[Opening Record excerpts section]

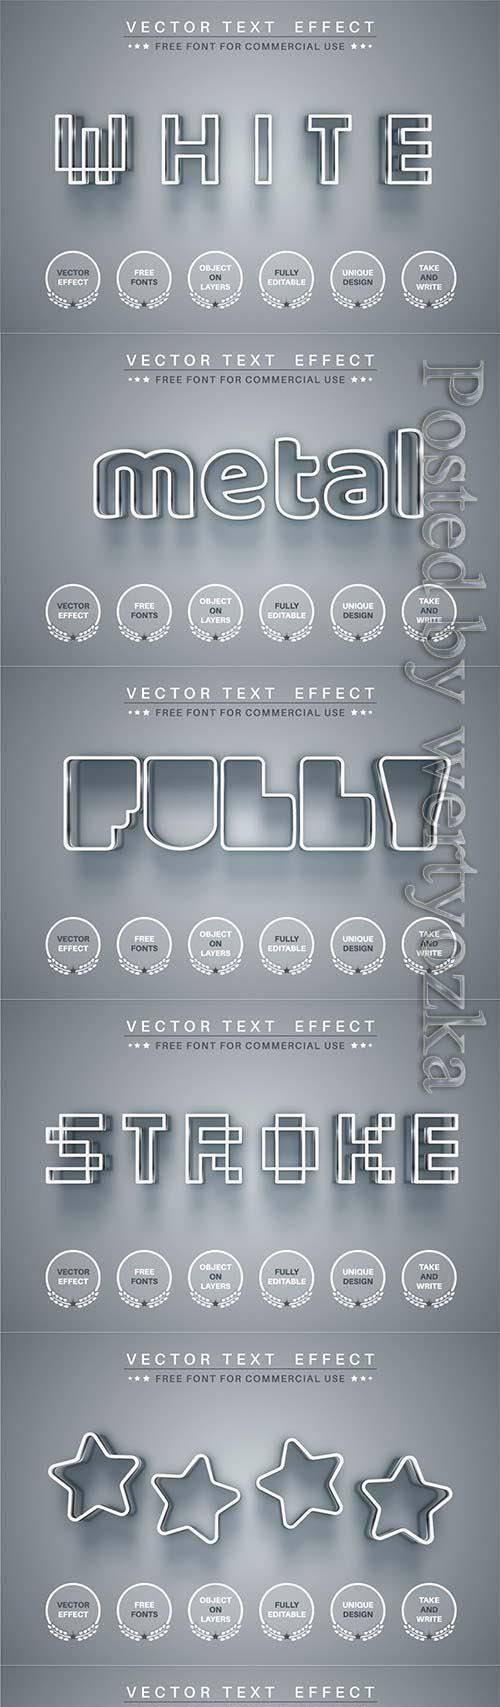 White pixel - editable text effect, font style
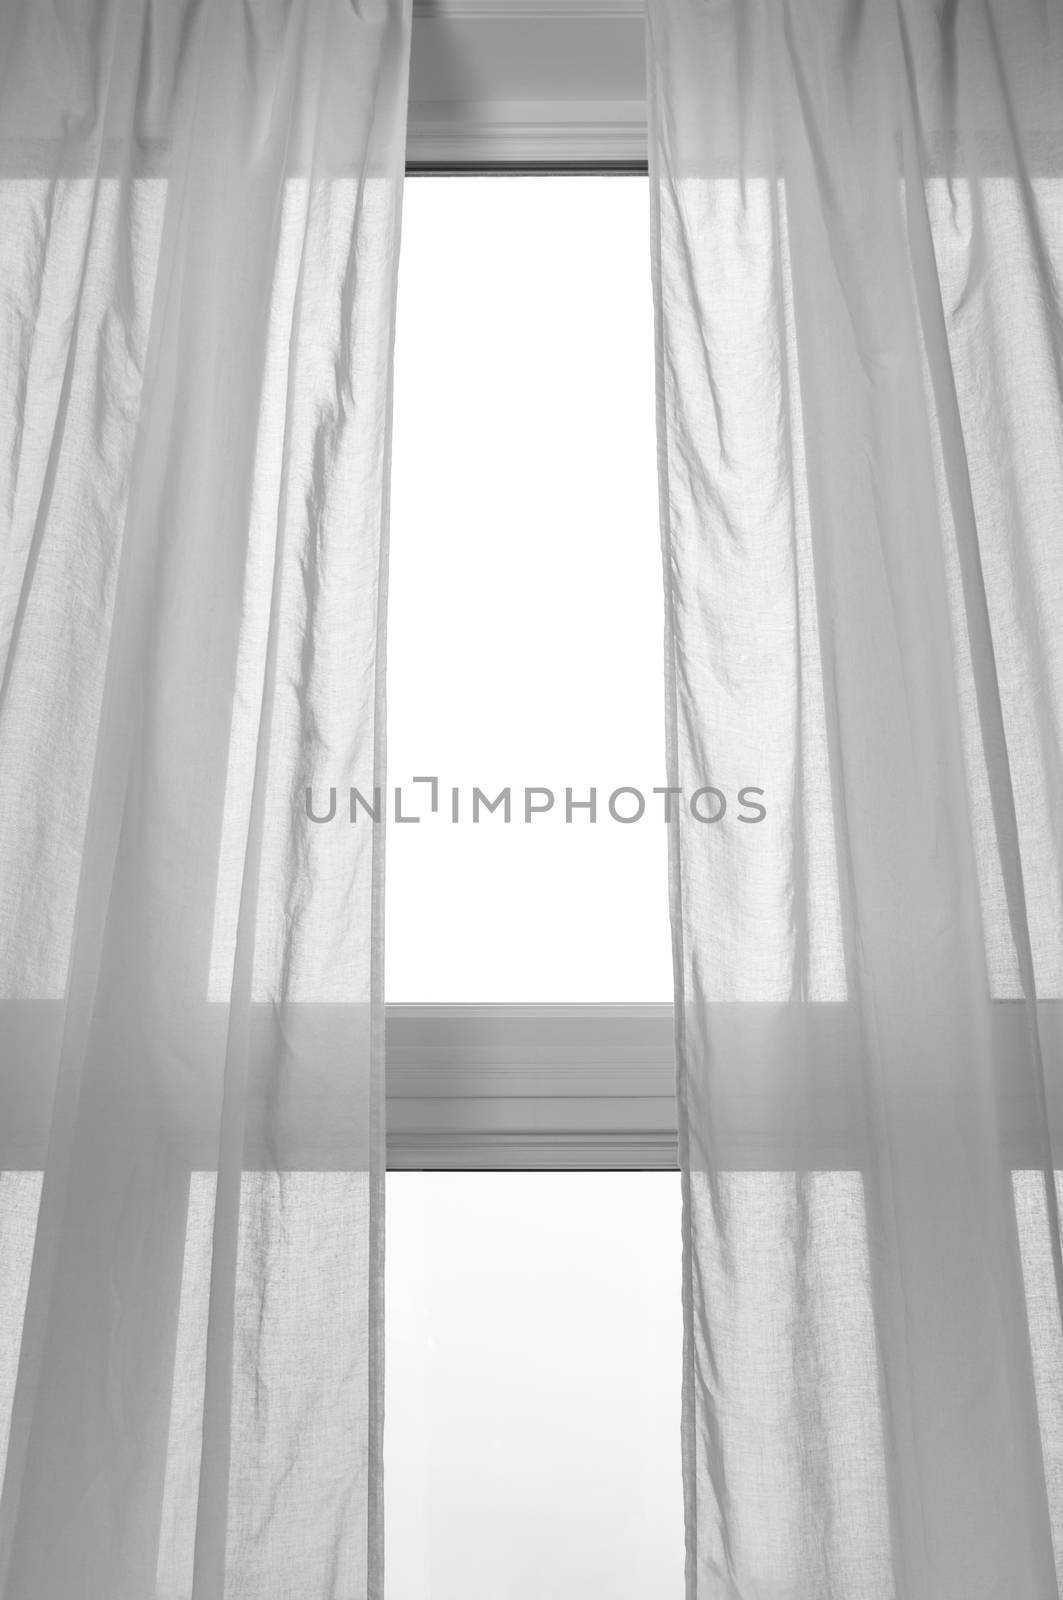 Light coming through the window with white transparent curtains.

[Closing Record excerpts section]
[Opening Record excerpts section]

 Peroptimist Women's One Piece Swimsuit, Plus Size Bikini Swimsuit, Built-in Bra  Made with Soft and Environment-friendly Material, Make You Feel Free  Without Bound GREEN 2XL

[Closing Record excerpts section]
[Opening Record excerpts section]

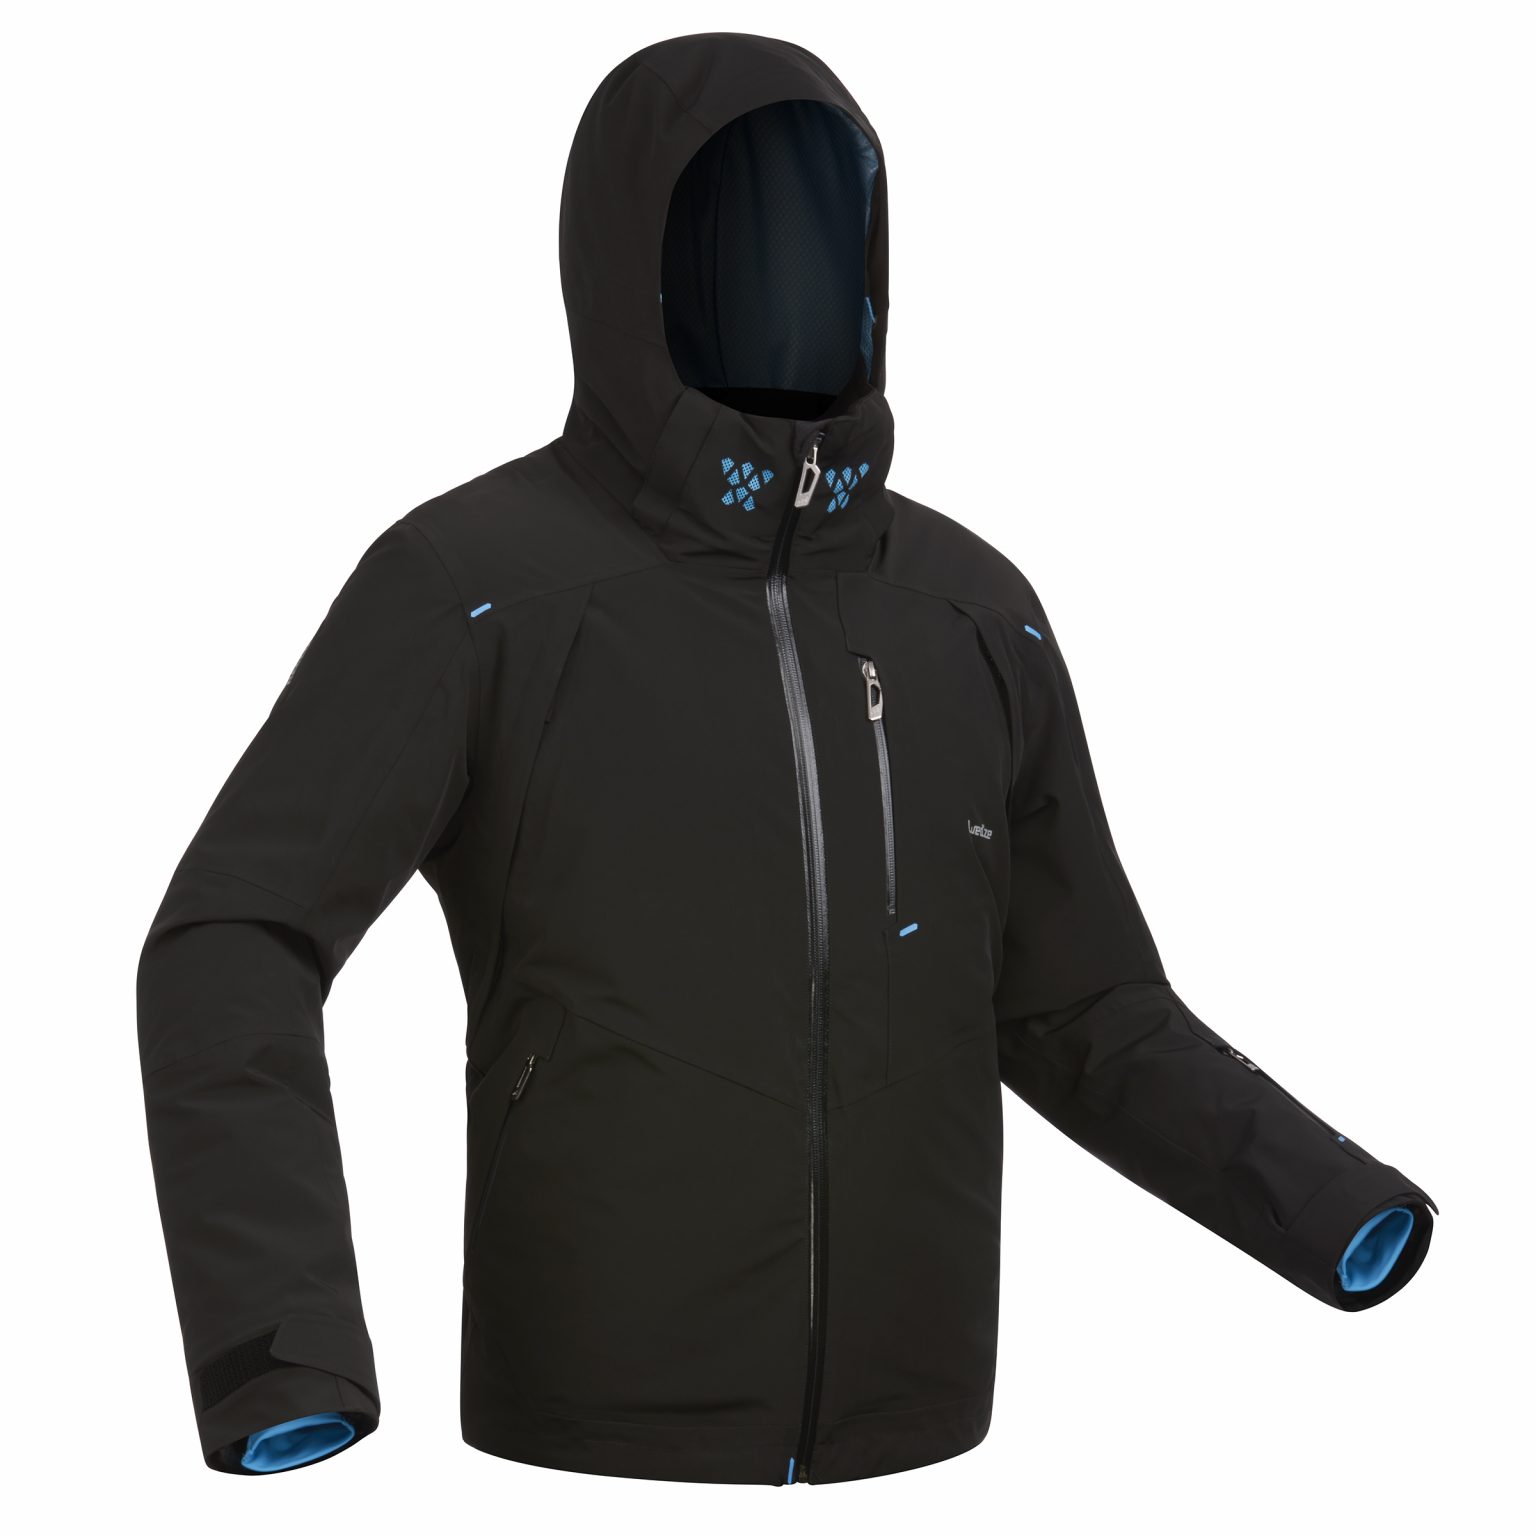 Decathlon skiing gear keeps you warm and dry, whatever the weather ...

[Closing Record excerpts section]

**Aim of the task**
Once the line with "White pixel - editable" is found in the data above, reproduce it and each line after it exactly, through the line with "Light coming through". Omit the pictures.

**Response below**
 White pixel - editable text effect, font style
 Light coming through the window with white transparent curtains.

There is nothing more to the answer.